大好きなゴーヤジュースもあまり飲んでいない程深刻と見えた。


「手紙が今月も何通も来ているのだけど」

「ん?オルランド王国からか?」

「ええ…」

ただの手紙ならまだいいが、差出人は貴族だった。


「オルランド王国のジェンガ伯爵?あの典型的な男尊女卑の男爵上がりの馬鹿貴族か?」

「ええ、その馬鹿貴族からの手紙…内容は最悪よ」


手紙を見せるとフレディーは即座に破り捨てる。

「この馬鹿伯爵、お前を何だと思ってんだ!」

「内容は最低よね?最初は私のご機嫌取りをしながらも私の事業の批難と無駄。
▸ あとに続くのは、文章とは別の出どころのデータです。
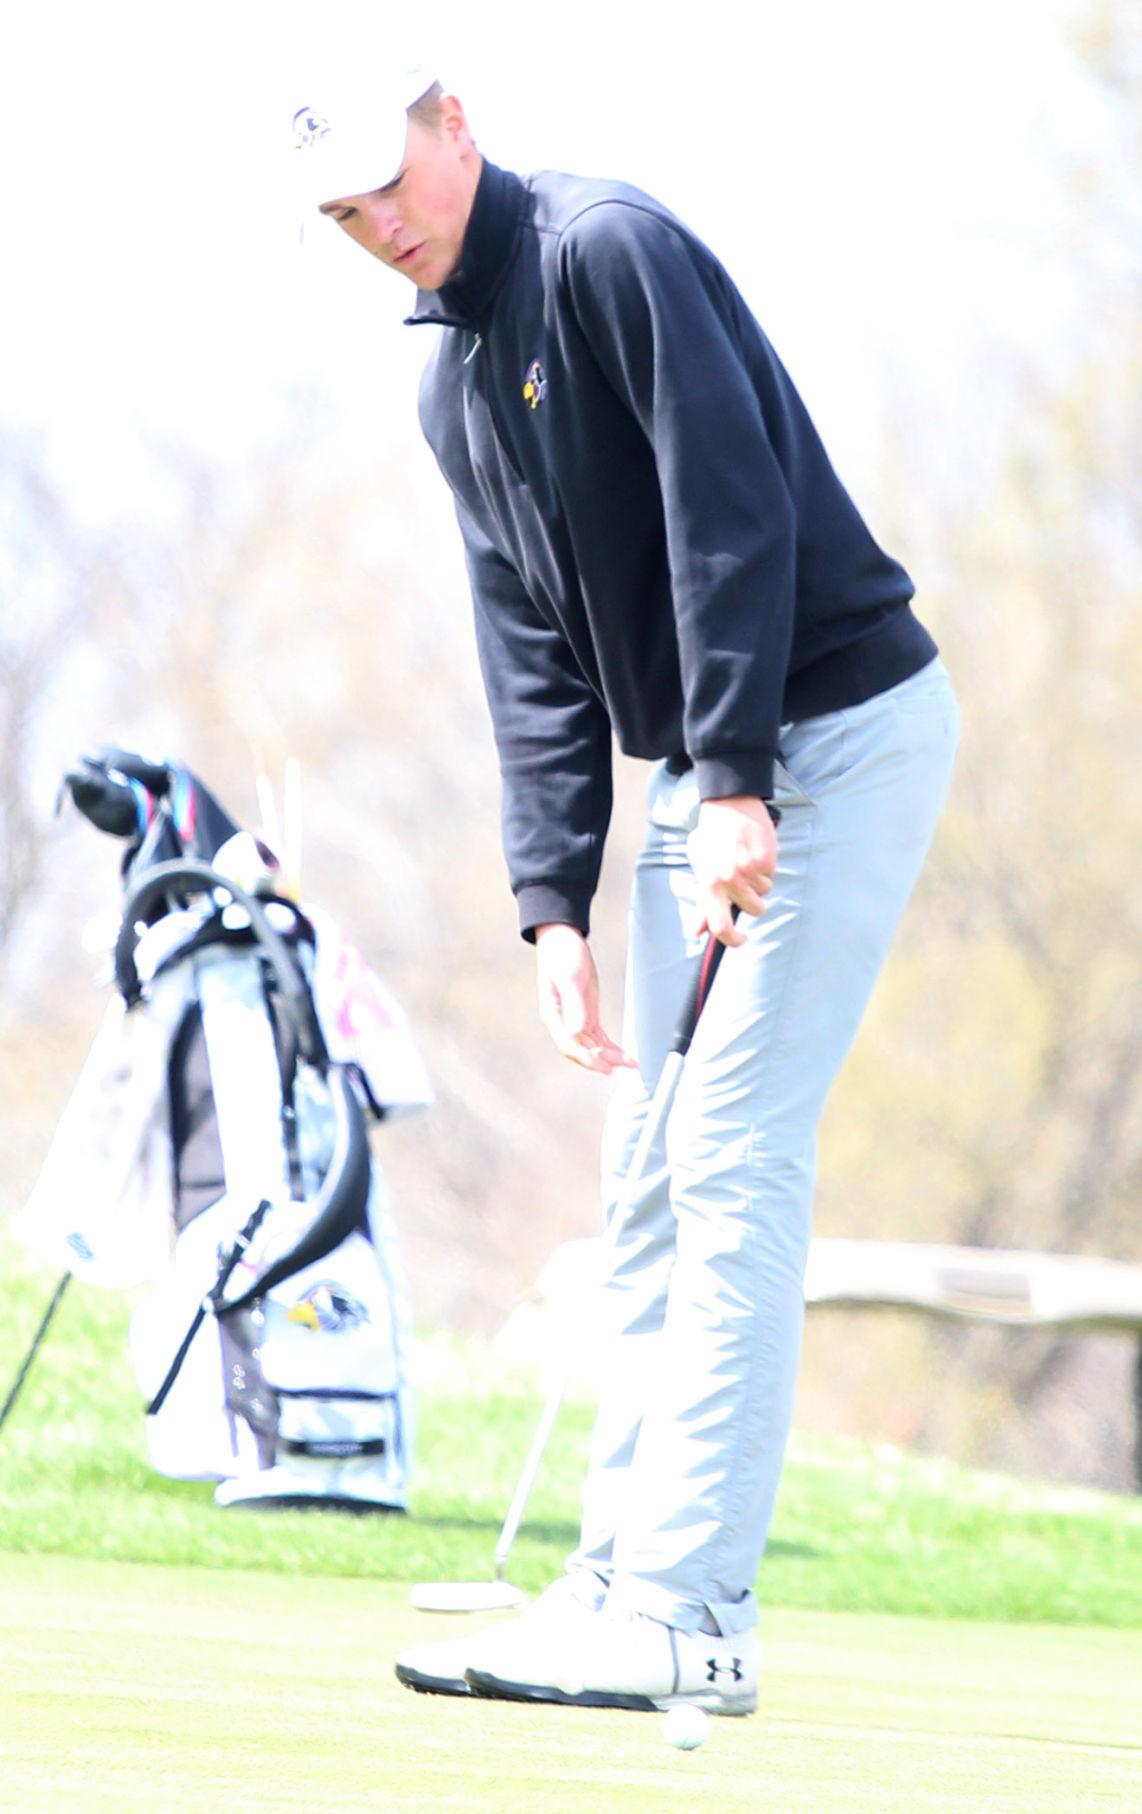 Chaska Golf - Johnson

そんなお金があるならオルランド王国に寄付をして有意義に使えですって?」

「何様だ」


差し出された手紙には、アーデルハイドが平民上がりに過ぎないのに傲慢にも女が事業をして、領主でもないのに偉そうにしている事への批判と、医師の筆頭が女性では頼りないのにで、オルランド王国の男性医師を筆頭と迎えることの助言と、オルランド王国への寄付を頼みたいと書かれていた。


「何でお前がオルランド王国の馬鹿に寄付をしないとダメなんだ!オルランド王国の女王と祖父さんは懇意な関係であるが、俺達には国同士の関りはないだろうが!」

「ええ、私個人としてもジェリー陛下には敬意を持っているわ。美しく聡明で素晴らしい人ですもの。けど貴族派の狸共は別よ…正直ぶん殴りたいわ」


「ガウ!」

「わぁ!いたのか!」

お茶を運びながら鳴き声を上げるちいに驚く。

「あら?もう起きたの?」

「ガウ!」

「ありがとう。蜂蜜を持ってきてくれたのね」


蜂蜜入りの紅茶を入れてくれたちいにお礼を言うアーデルハイドは口直しに飲むと心が癒された。
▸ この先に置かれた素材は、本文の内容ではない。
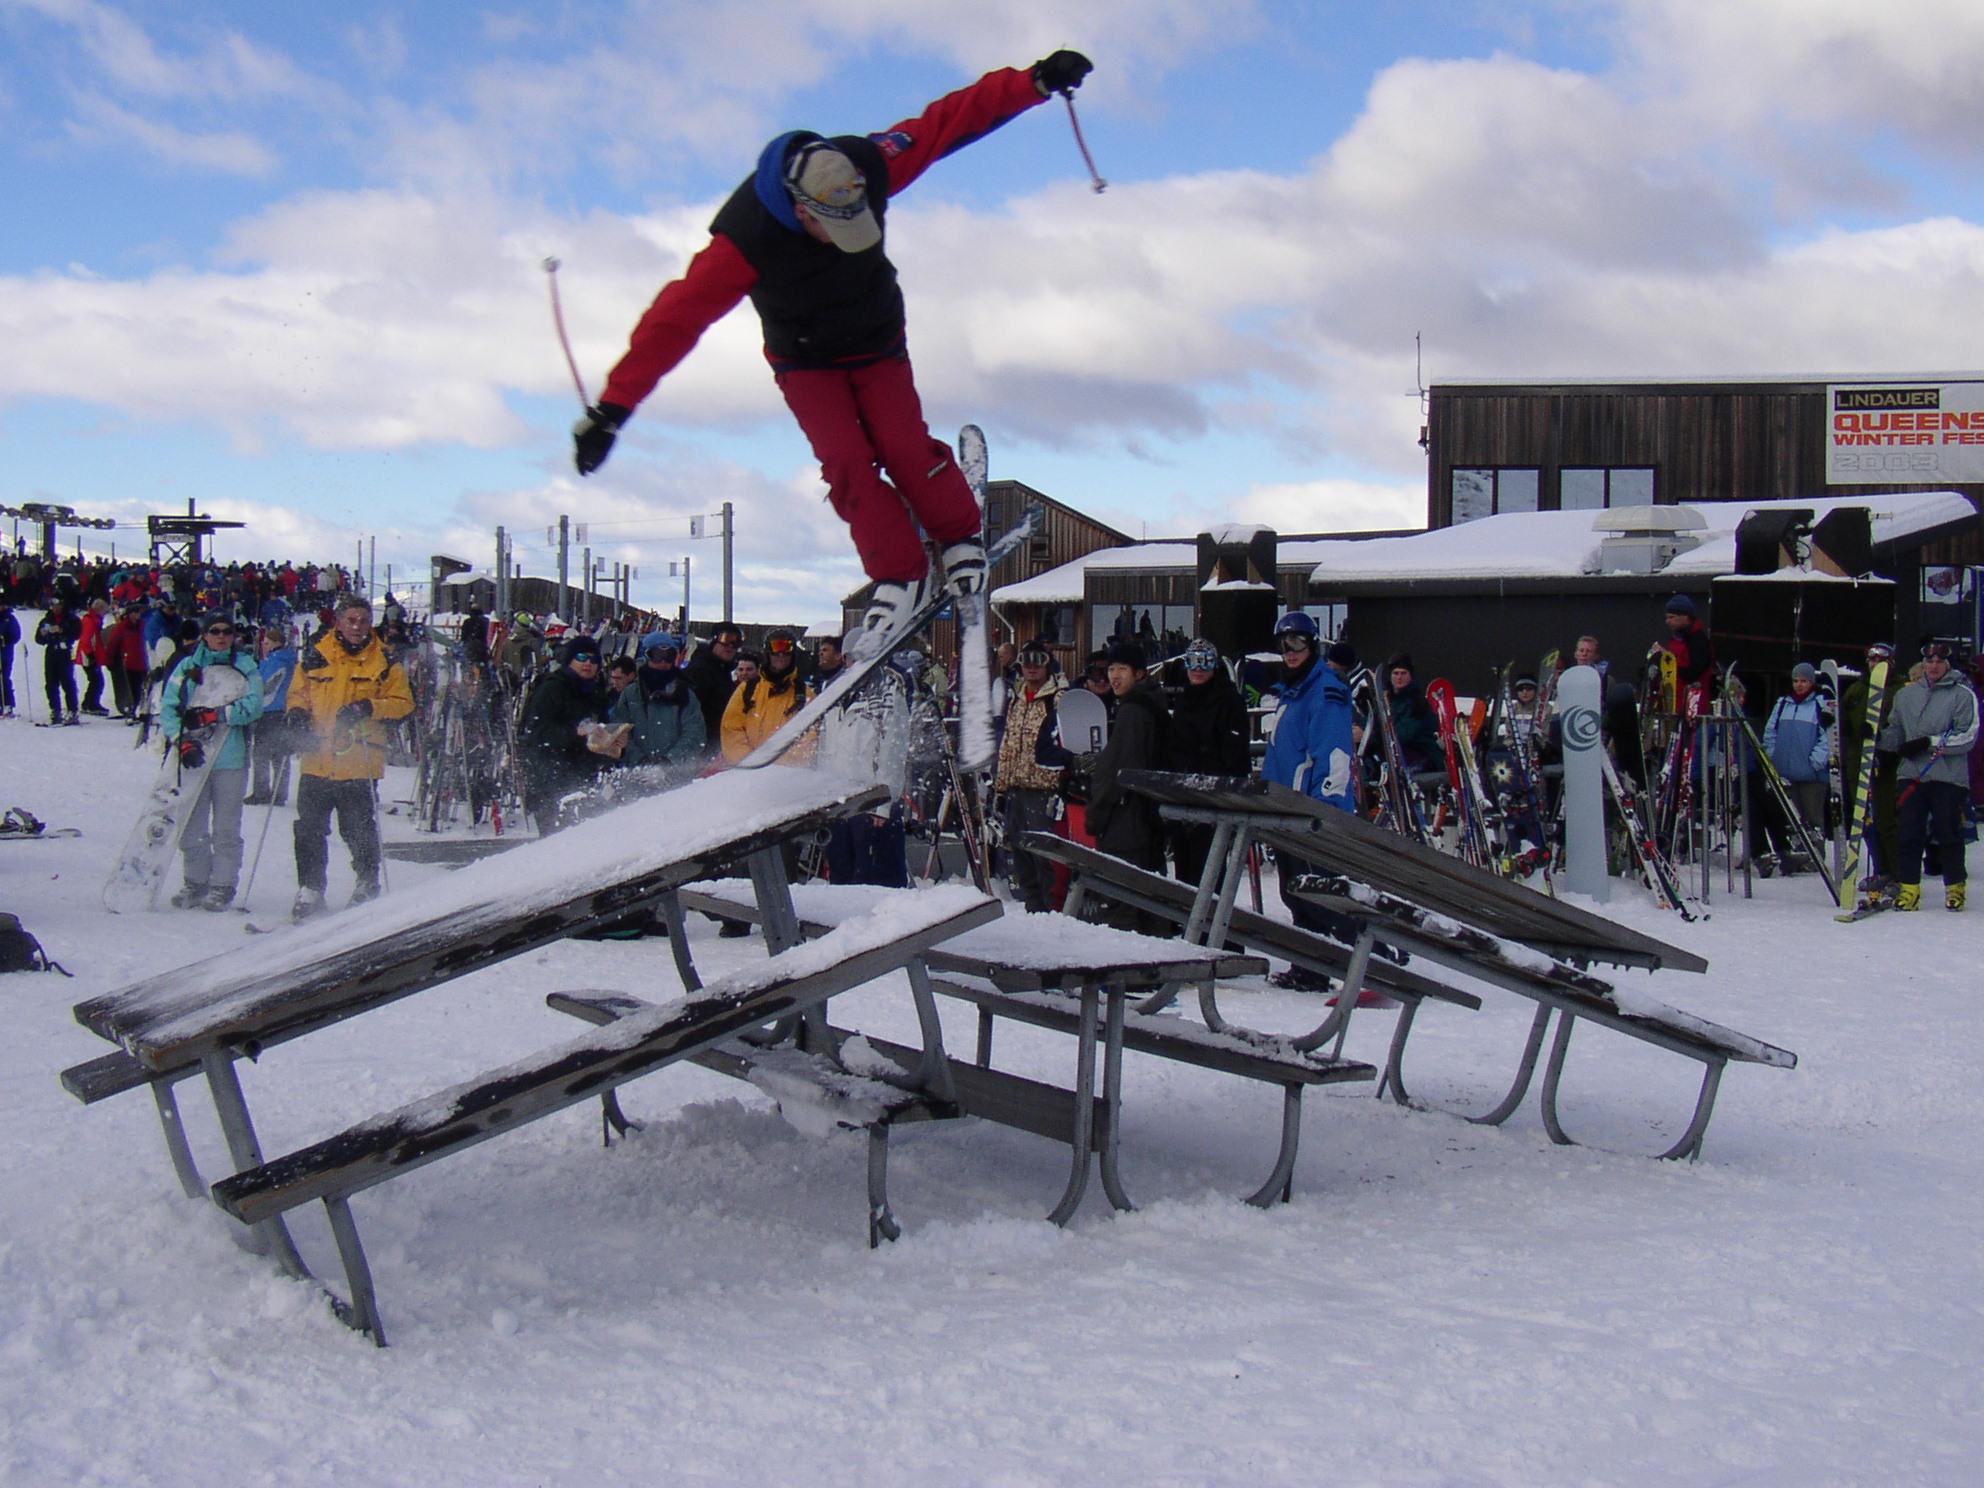 Skier jumping tables, Coronet Peak

「とにかく、こんな無茶な要求を飲むことはできないわ」

「ああ…ん?もう一通あるぞ」

「どうせ似たような手紙でしょ?」


一応確認した方が良いと思ったのだが…


ビリビリ!!


「えっ?フレディー?」

「ただの悪戯だったぞ。心配するな」

「そっ、そう?」

「それより最近働き詰めだっただろ?今日ぐらいはゆっくり休め。明日は休日だしな」

手紙の山をすべて燃やしながら、アーデルハイドを気遣いながら休ませた。


「ガウ…」

「チー、オルランドの馬鹿達がハイジを愛人にしようとしているそうだ」

「グルル…」

「そうだ。なんという屈辱だ。俺の嫁さんを何だと思っているんだ。許せない」

「ガウ!」


普段は喧嘩ばかりしている二人だがアーデルハイドに敵意を向ける者や傷つける者に関しては協力していた。


「島の警備を強化するか…なんか嫌な予感がするし」

「ギャウ!」

「ああ、嫌な予感がするんだ…ものすごく」

神レベルの感性を持つ、フレディーは危険な風を感じていたのだった。